Subject: Re: execve(NULL, argv, envp) for nommu?
To: Oleg Nesterov <oleg@redhat.com>
Cc: Alan Cox <gnomes@lxorguk.ukuu.org.uk>,
        Geert Uytterhoeven <geert@linux-m68k.org>,
        Linux Embedded <linux-embedded@vger.kernel.org>, dalias@libc.org,
        "linux-kernel@vger.kernel.org" <linux-kernel@vger.kernel.org>
References: <324c00d9-06a6-1fc5-83fe-5bd36d874501@landley.net>
 <CAMuHMdUPUaLfbbFF1kZoEUy7or-9sVOt=ykAHT+S6NBvFy5V=g@mail.gmail.com>
 <20170905142436.262ed118@alans-desktop>
 <ab6e6e8b-7040-a07d-5502-405701182568@landley.net>
 <d2d1acae-b2a1-9f41-d3bf-9d3b35a62664@landley.net>
 <20170911151526.GA4126@redhat.com>
From: Rob Landley <rob@landley.net>
Message-ID: <d3ae79b1-810d-8abc-3692-69cef4bd1a7a@landley.net>
Date: Tue, 12 Sep 2017 05:48:47 -0500
User-Agent: Mozilla/5.0 (X11; Linux x86_64; rv:52.0) Gecko/20100101
 Thunderbird/52.2.1
MIME-Version: 1.0
In-Reply-To: <20170911151526.GA4126@redhat.com>
Content-Type: text/plain; charset=utf-8
Content-Language: en-US
Content-Transfer-Encoding: 7bit
Sender: linux-kernel-owner@vger.kernel.org
Content-Length: 5337
Lines: 109

On 09/11/2017 10:15 AM, Oleg Nesterov wrote:
> On 09/08, Rob Landley wrote:
>>
>> So is exec(NULL, argv, envp) a reasonable thing to want?
> 
> I think that something like prctl(PR_OPEN_EXE_FILE) which does
> 
> 	dentry_open(current->mm->exe_file->path, O_PATH)
> 
> and returns fd make more sense.
> 
> Then you can do execveat(fd, "", ..., AT_EMPTY_PATH).
I'm all for it?
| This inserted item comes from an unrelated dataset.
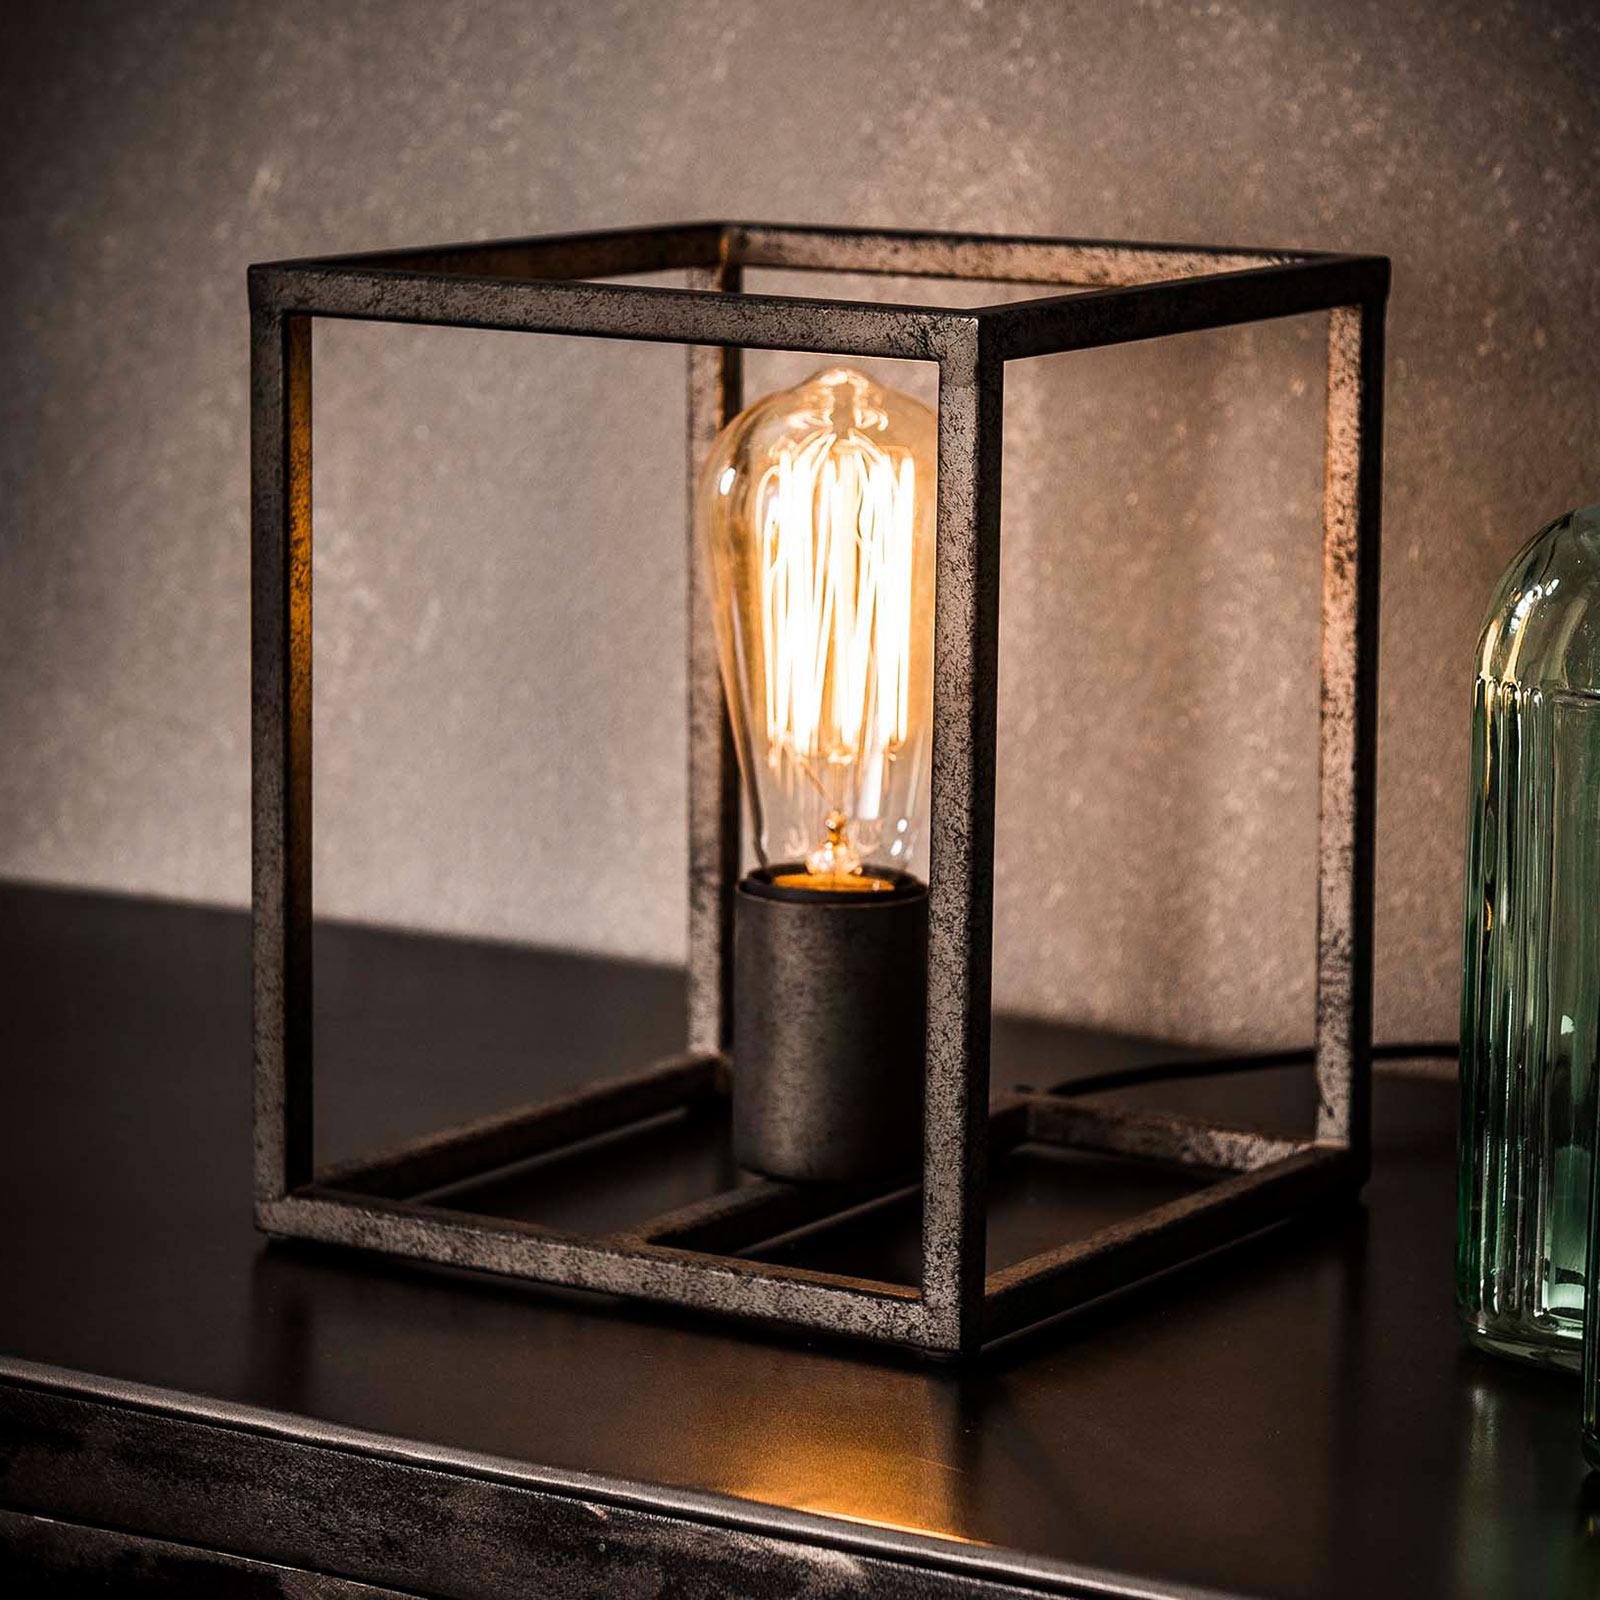 Lámpara de mesa Perpendillumina en forma de cubo

That sounds like a cosmetic difference, a more verbose
way of achieving the same outcome.

(Of course now you've got a filehandle you can read xattrs and such
through from otherwise jailed contexts letting you do things you
couldn't necessarily do before, but I assume you know the security
implications of that more than I do. I tried to suggest something that
_didn't_ create new capabilities, just let nommu do a thing that mmu
could already do.)

> But to be honest, I can't understand the problem, because I know nothing
> about nommu.
> 
> You need to unblock parent sleeping in vfork(), and you can't do another
> fork (I don't undestand why).

A nommu system doesn't have a memory management unit, so all addresses
are physical addresses. This means two processes can't see different
things at the same address: either they see the same thing or one of
them can't see that address (due to a range register making it).
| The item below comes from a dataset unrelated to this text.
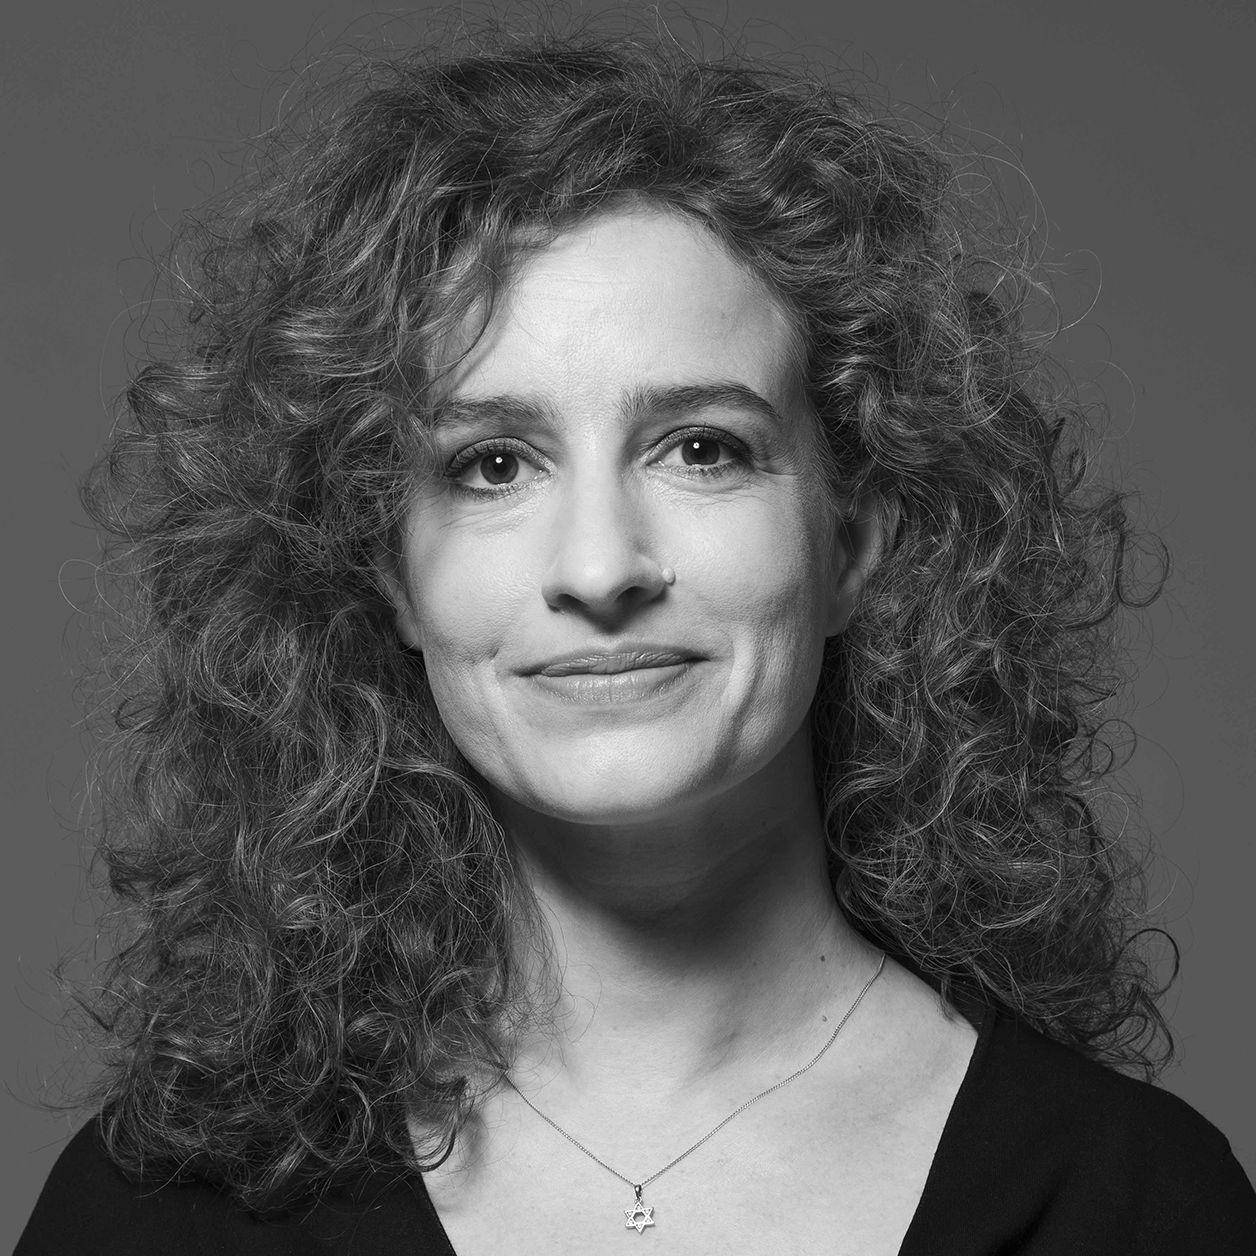 Zsofia Balatoni, Co-founder of Uniomedia in Hungary

Conventional fork() creates copy on write mappings of all the existing
writable memory of the parent process. So when the new PID dirties a
page, the old page gets copied by the fault handler. The problem isn't
the copies (that's just slow), the problem is two processes seeing
different things at the same address. That requires an MMU with a TLB
loaded from page tables.

If you create _new_ mappings and copy the data over, they'll have
different addresses. But any pointers you copied will point to the _old_
addresses. Finding and adjusting all those pointers to point to the new
addresses instead is basically the same problem as doing garbage
collection in C.

Your stack has pointers. Your heap has pointers. Your data and bss (once
initialized) can have pointers. These pointers can be in the middle of
malloc()'ed structures so no ELF table anywhere knows anything about
them. A long variable containing a value that _could_ point into one of
these ranges isn't guaranteed to _be_ a pointer, in which case adjusting
it is breakage. Tracking them all down and fixing up just the right ones
without missing any or changing data you shouldn't is REALLY HARD.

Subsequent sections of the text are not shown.